───── Entries supplied
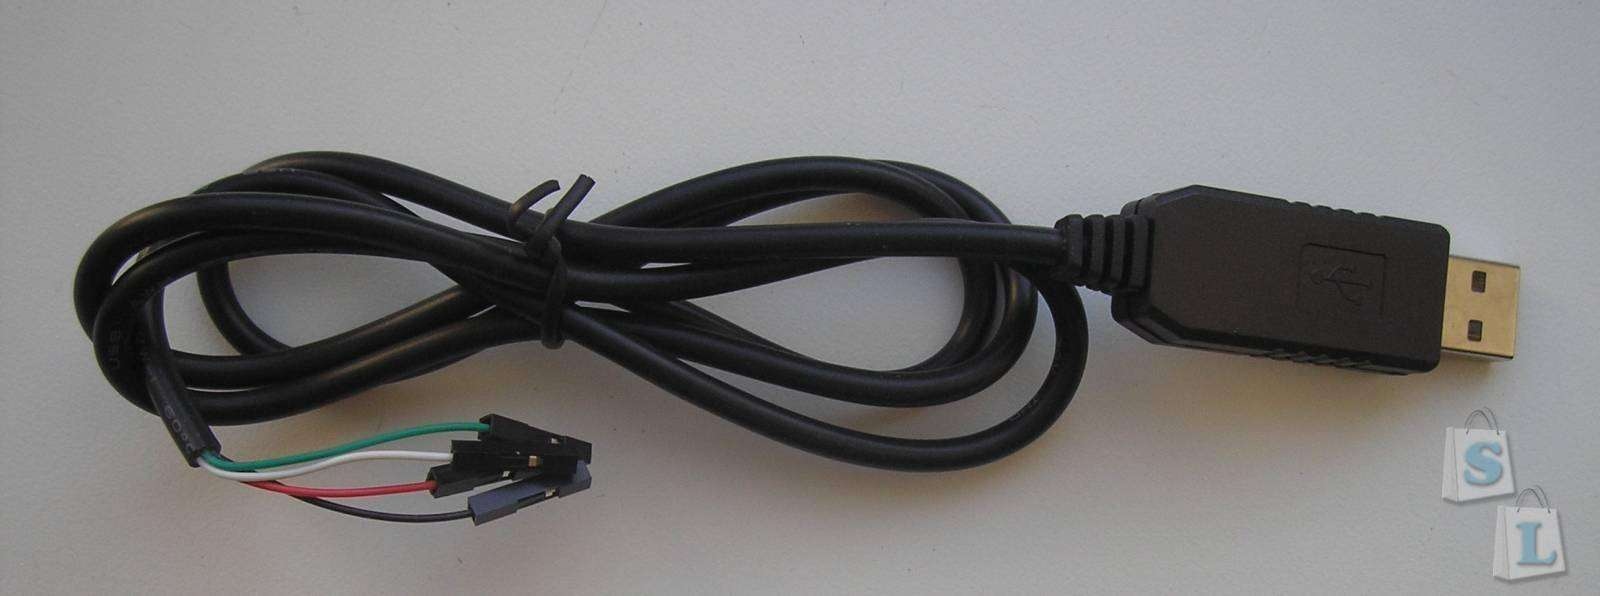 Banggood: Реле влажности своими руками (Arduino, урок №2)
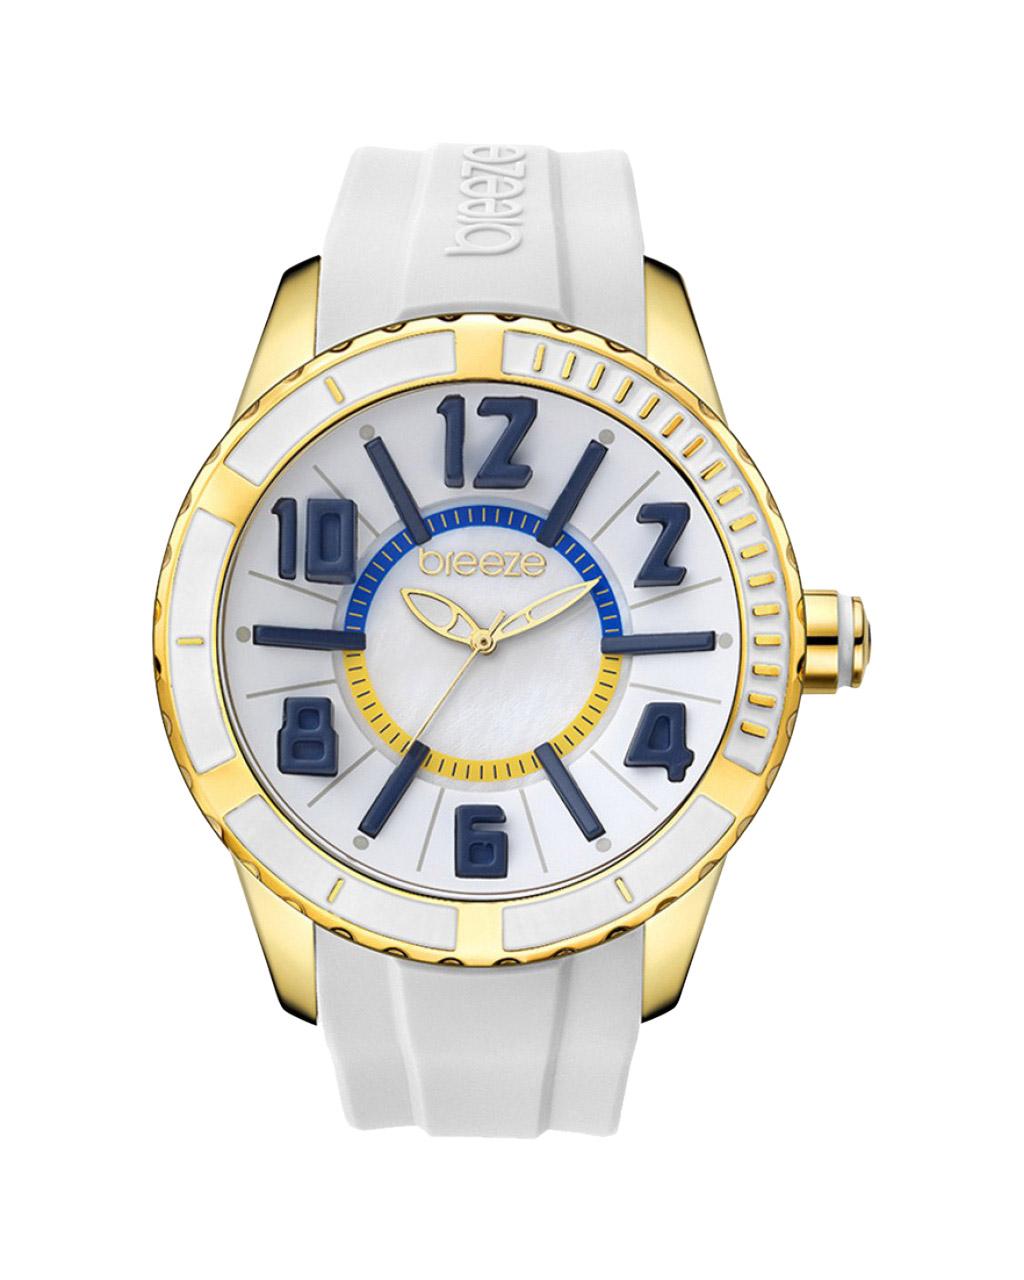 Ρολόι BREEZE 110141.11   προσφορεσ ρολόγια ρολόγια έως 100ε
──────────
───── Entries supplied
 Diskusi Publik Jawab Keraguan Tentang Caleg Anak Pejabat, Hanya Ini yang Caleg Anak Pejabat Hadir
──────────
Task prompt: Copy the lines above exactly, starting at the one with "Banggood: Реле влажности" and ending at the one with "Ρολόι BREEZE 110141.11", both included. Leave out any pictures and add nothing else.

Written answer:
 Banggood: Реле влажности своими руками (Arduino, урок №2)
 Ρολόι BREEZE 110141.11   προσφορεσ ρολόγια ρολόγια έως 100ε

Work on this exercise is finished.